Als TV-Kommentator John Helm die ersten Flammen bemerkt, hat gerade die 41. Spielminute begonnen. "Da ist ein Feuer am Rand der Tribüne", sagt Helm, ganz rechts im Bild steigt schwarzer Rauch empor. Es ist der Beginn einer Katastrophe.
Drei Minuten später steht die gesamte Tribüne des englischen Fußball-Drittligisten Bradford City in Flammen, von einer Eckfahne zur anderen. Brennende Menschen laufen in Panik auf den Rasen, am Ende sind 56 Fußball-Fans tot. Einige sterben noch auf ihren Sitzen, so schnell breitet sich das Feuer aus.
Brandursache nie völlig geklärt
Wer sich die Bilder von der Stadion-Katastrophe am 11. Mai 1985 anschaut, braucht auch 30 Jahre später noch starke Nerven. Den Angehörigen der Opfer gelang es über Jahre, die verstörenden Filmaufnahmen unter Verschluss zu halten.
Wie genau es an jenem Samstag zu der Katastrophe kam, ist bis heute nicht geklärt. Wahrscheinlich war es eine achtlos weggeworfene Zigarette, die den angehäuften Müll unterhalb der uralten Holztribüne entzündete. Der starke Wind tat sein Übriges. Besonders bitter: Die Tribüne sollte nach dem Spiel abgerissen werden.
Denn eigentlich war der 11. Mai als Festtag geplant. Der Aufstieg der "Bantams" in die 2. Liga stand fest, das Valley-Parade-Stadion war zum letzten Heimspiel gegen Lincoln mit 11.000 Zuschauern fast ausverkauft, sogar Vertreter der Partnerstädte Mönchengladbach und Hamm waren angereist. Sie alle wurden Zeugen eines Dramas.

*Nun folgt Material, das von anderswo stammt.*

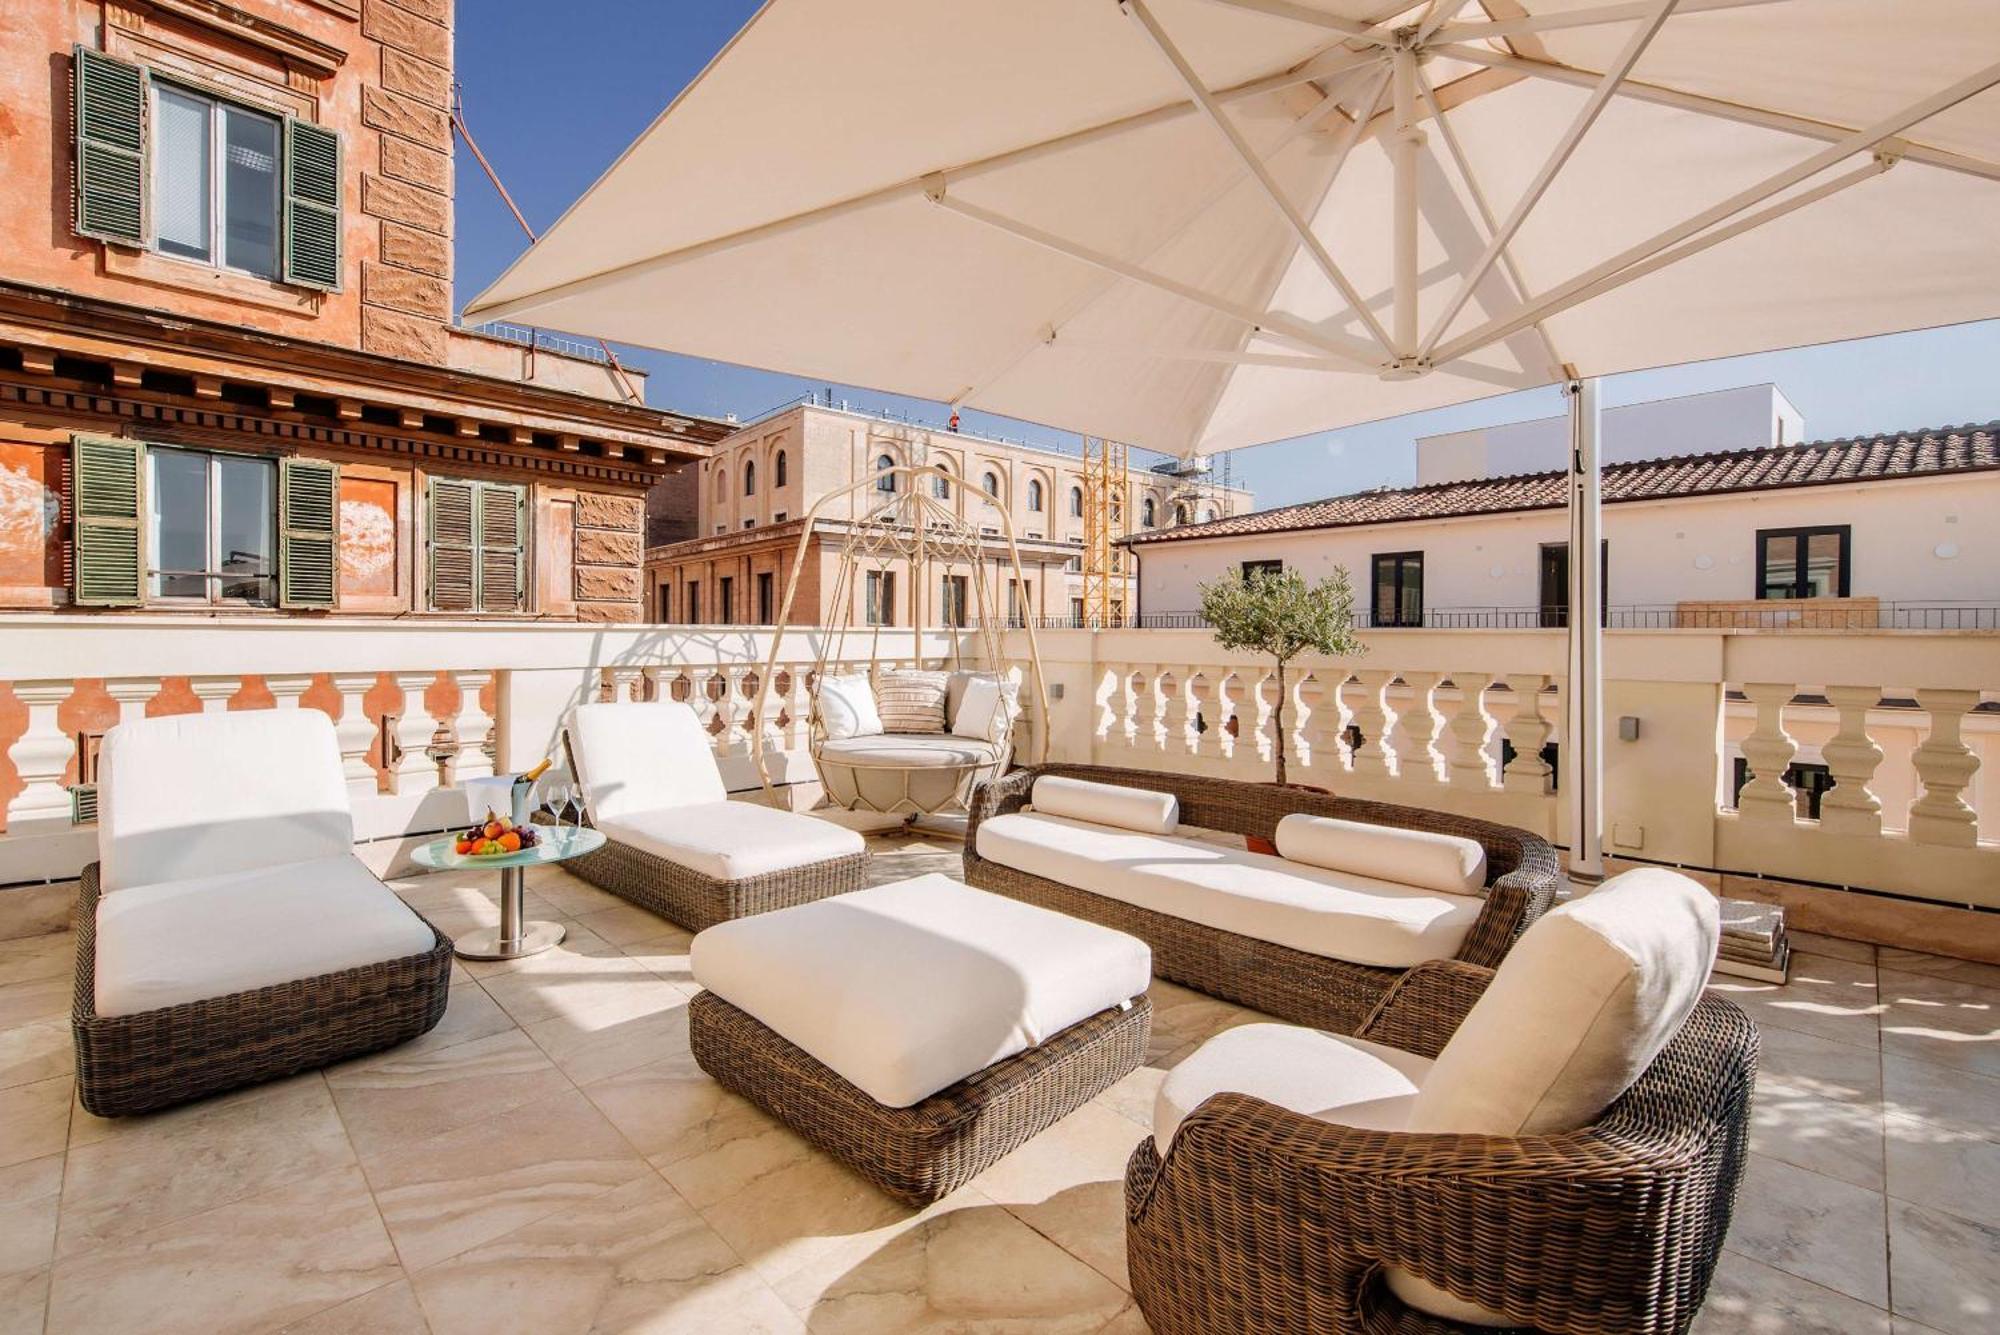 Aleph Rome Hotel, Curio Collection By Hilton Exterior photo

Verschlossene Türen als Todesfalle
Als Todesfalle erwiesen sich vor allem die verschlossenen Türen auf der Rückseite der Tribüne. Andere Zuschauer hatten mehr Glück. "Hunderte Fans entkamen ihrer eigenen Einäscherung, indem sie sich auf das Spielfeld retteten", schrieb der Spiegel und lobte beinahe prophetisch das Fehlen von Zäunen. Vier Jahre später in Sheffield waren es eben jene Zäune, die für die nächste Stadionkatastrophe sorgen sollten.
Heute sind die Wunden in Bradford noch immer nicht verheilt. Erst im April äußerte Martin Fletcher, der in den Flammen seinen Vater, Onkel sowie Großvater verlor, in einem Buch Zweifel an der offiziellen Version. Fletcher nennt acht verschiedene Brände in Gebäuden, die alle dem damaligen Bradford-Boss Stafford Heginbotham gehörten oder mit ihm im Zusammenhang standen. In den meisten Fällen kassierte Heginbotham Geld von der Versicherung.

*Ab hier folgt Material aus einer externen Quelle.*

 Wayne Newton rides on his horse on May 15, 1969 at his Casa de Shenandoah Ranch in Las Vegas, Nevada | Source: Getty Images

Neue Untersuchung gefordert
Fletcher beschuldigt den inzwischen verstorbenen Heginbotham zwar nicht direkt, fordert aber eine neue Untersuchung des Unglücks. Andere Angehörige haben sich angeschlossen, auch Politiker. Sie alle erhoffen auf eine ähnliche Wende wie bei den jüngsten Untersuchung zur Katastrophe in Sheffield, wo die Polizei nach mehr als 25 Jahren Versäumnisse eingestand.
Die Toten von Bradford wird das nicht zum Leben erwecken, das weiß auch Fletcher. Das Andenken wird dennoch bis heute bewahrt. Am Stadion erinnern gleich zwei Gedenktafeln an jenen fatalen Tag, im Stadtzentrum steht ein Denkmal, in allen Stadien der Premier League gab es jüngst eine Schweigeminute.
Und John Helm? Der TV-Kommentator hat sich die Bilder aus Bradford bis heute nicht angeschaut, seine eigenen Worte nie wieder gehört. "Das kann ich einfach nicht", sagt Helm, der von neun Weltmeisterschaften berichtet und doch den 11. Mai 1985 nie mehr vergessen wird: "Ich hoffe, dass ich nie wieder in meinem Leben mit solch einer Situation konfrontiert werde."